_What to produce_
An unchanged copy of all the lines below is expected, and it should contain no pictures.

_Collected material_
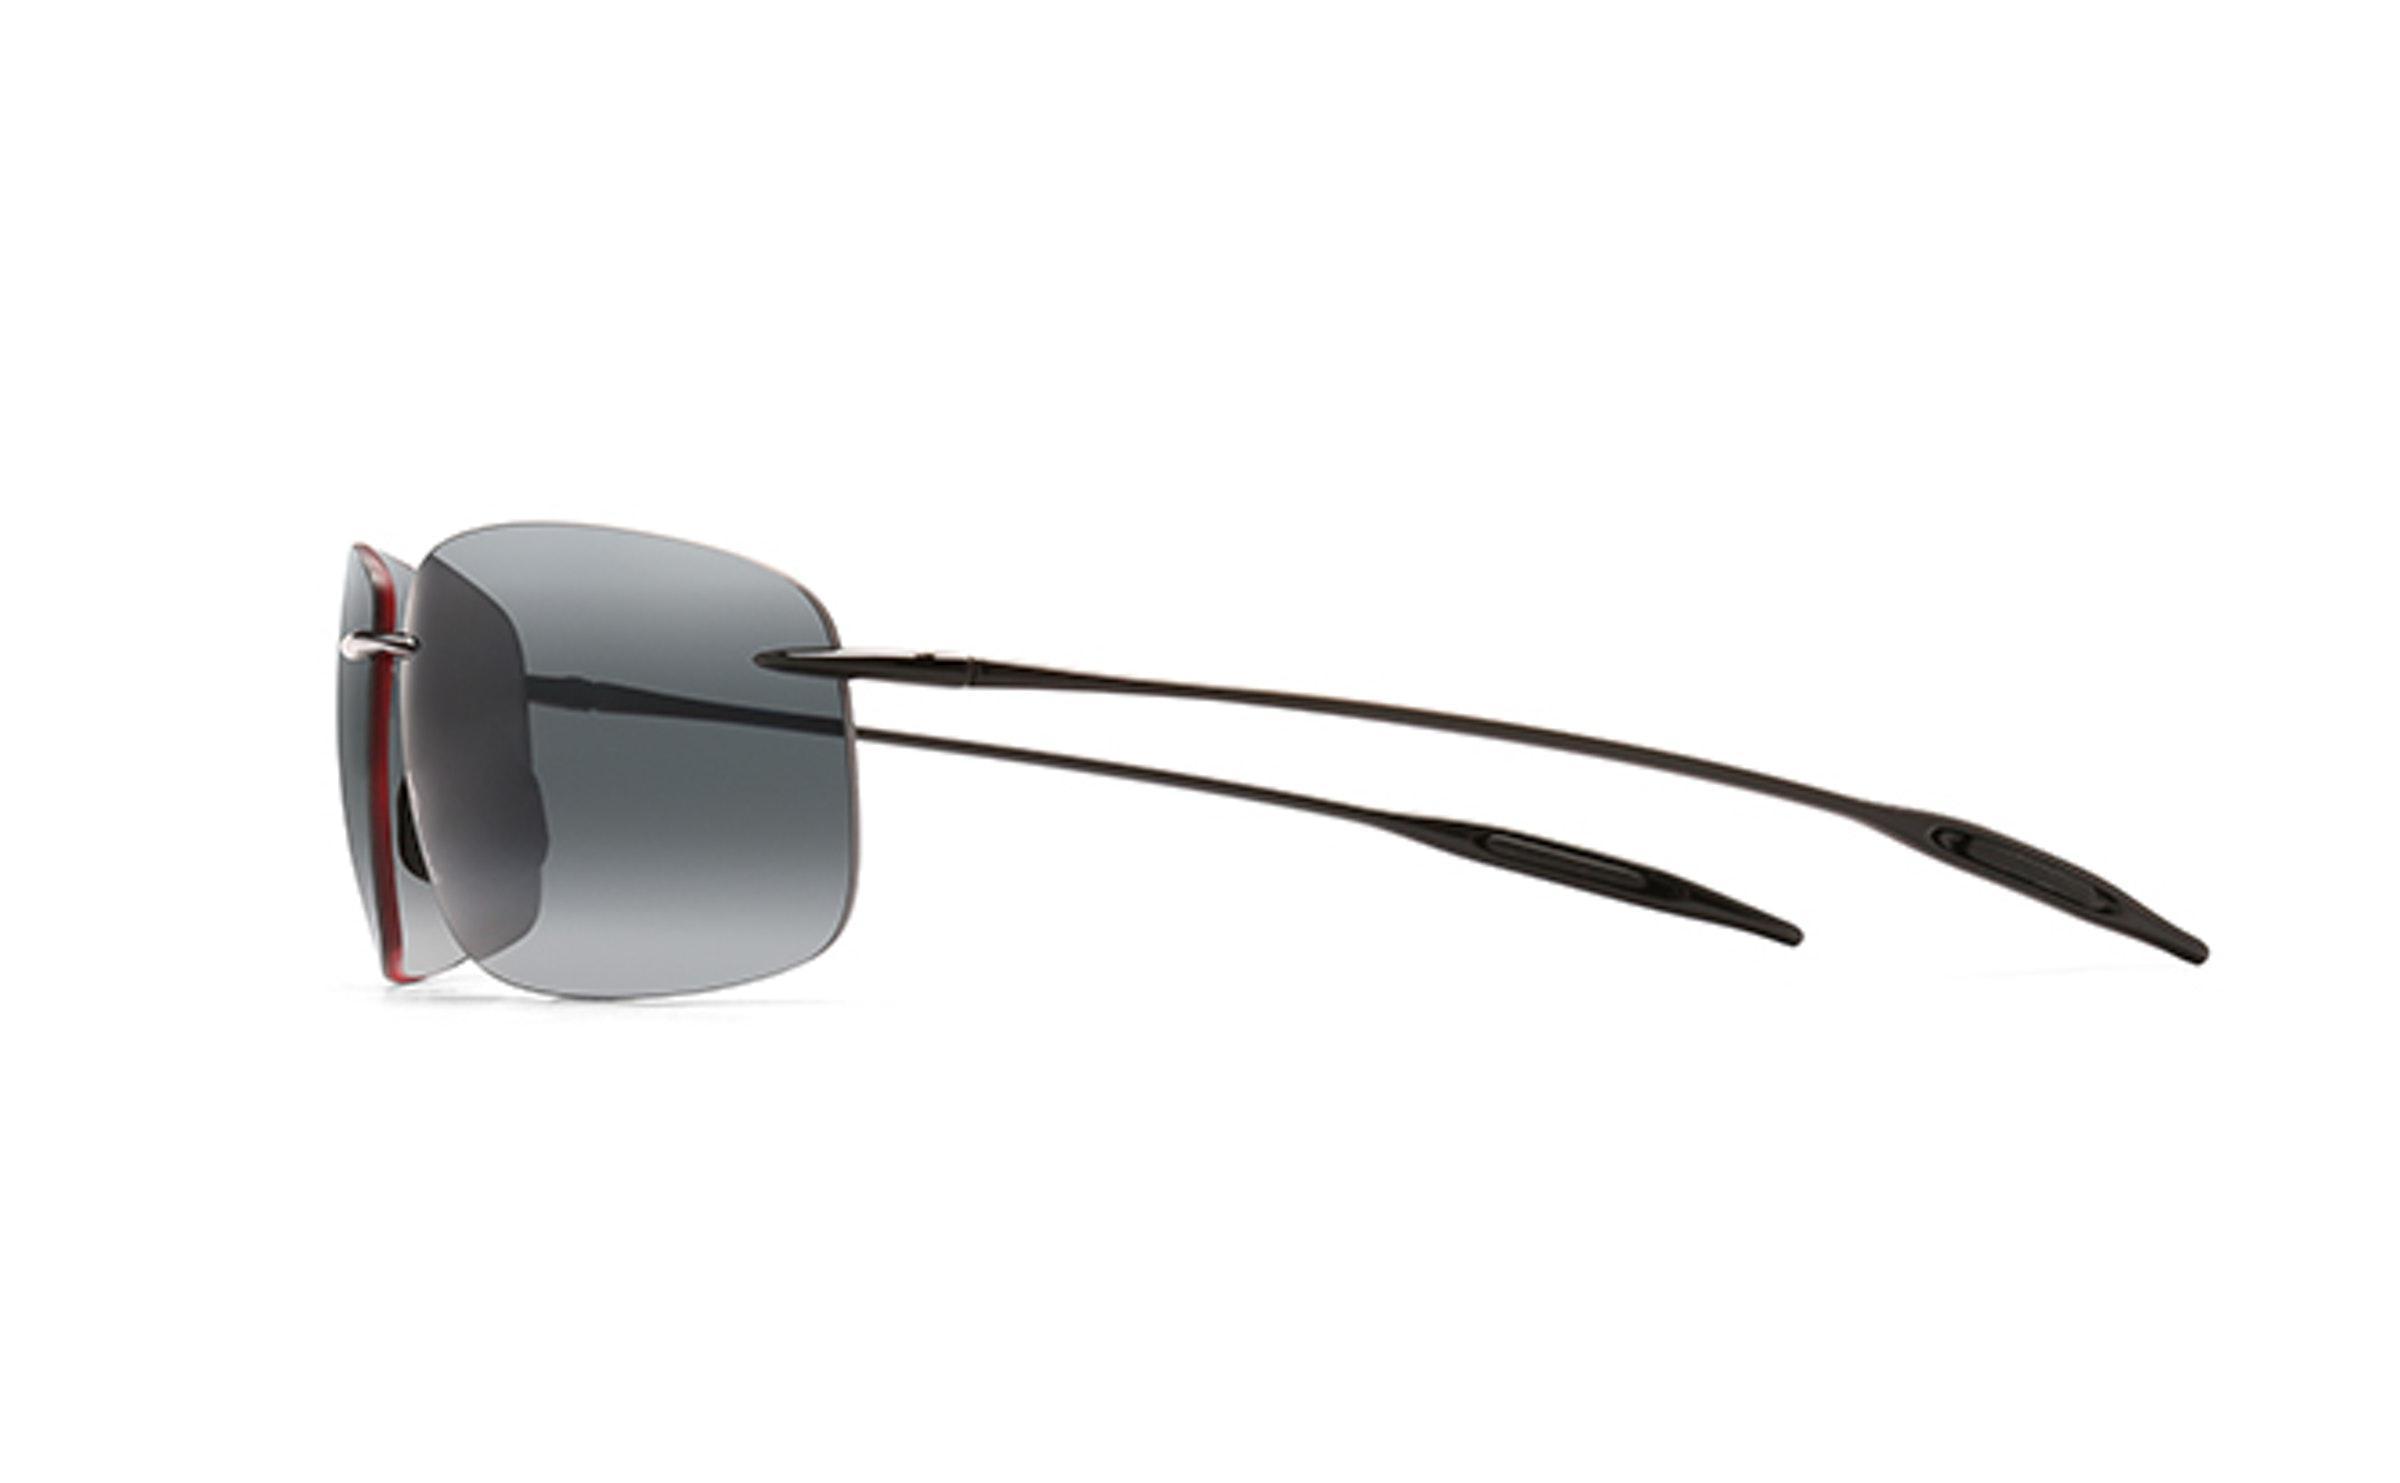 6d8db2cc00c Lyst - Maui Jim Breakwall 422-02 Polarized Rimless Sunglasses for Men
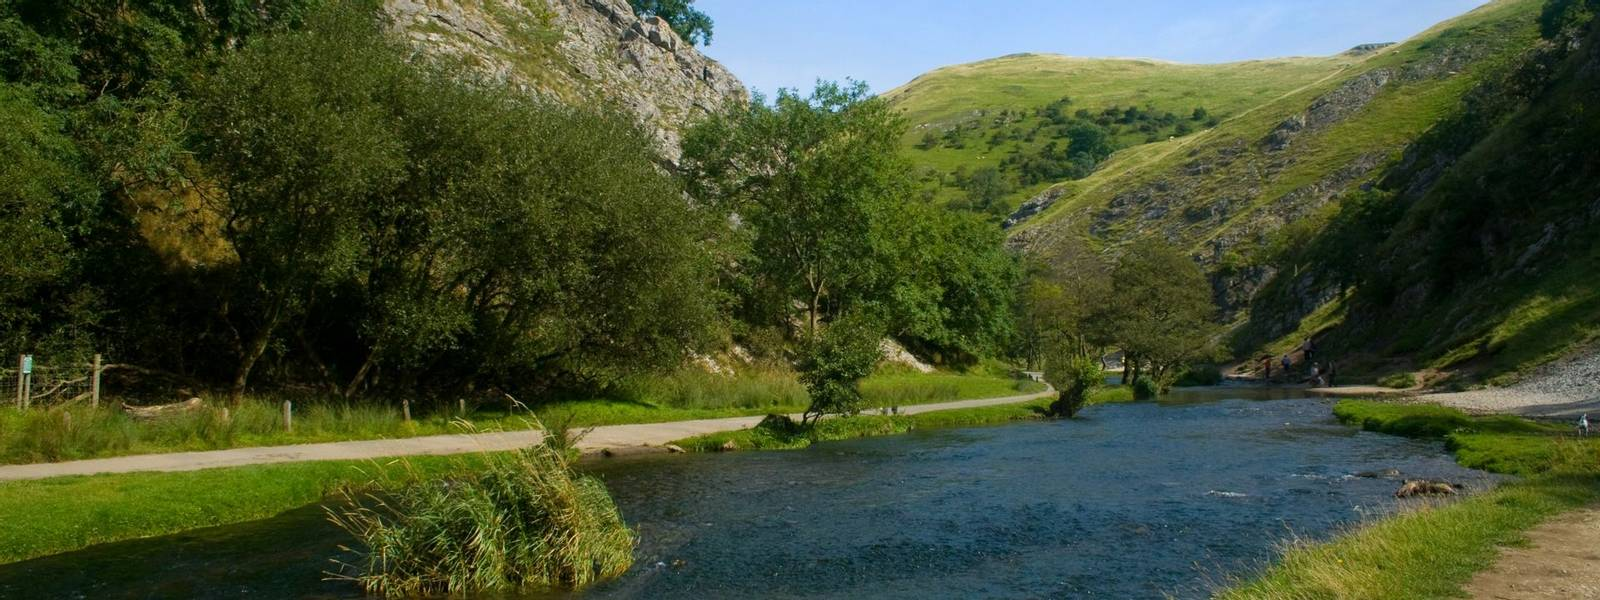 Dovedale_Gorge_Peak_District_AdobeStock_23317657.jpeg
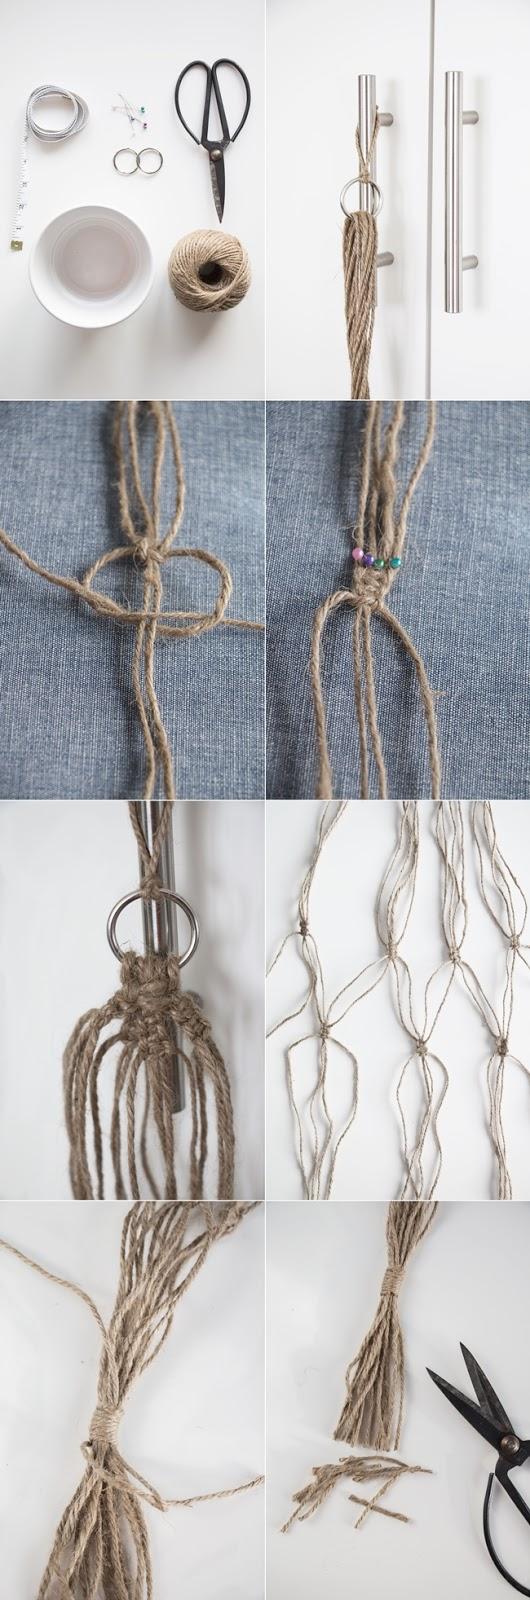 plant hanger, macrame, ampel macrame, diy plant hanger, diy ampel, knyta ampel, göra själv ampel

_Exercise result_
 6d8db2cc00c Lyst - Maui Jim Breakwall 422-02 Polarized Rimless Sunglasses for Men
 Dovedale_Gorge_Peak_District_AdobeStock_23317657.jpeg
 plant hanger, macrame, ampel macrame, diy plant hanger, diy ampel, knyta ampel, göra själv ampel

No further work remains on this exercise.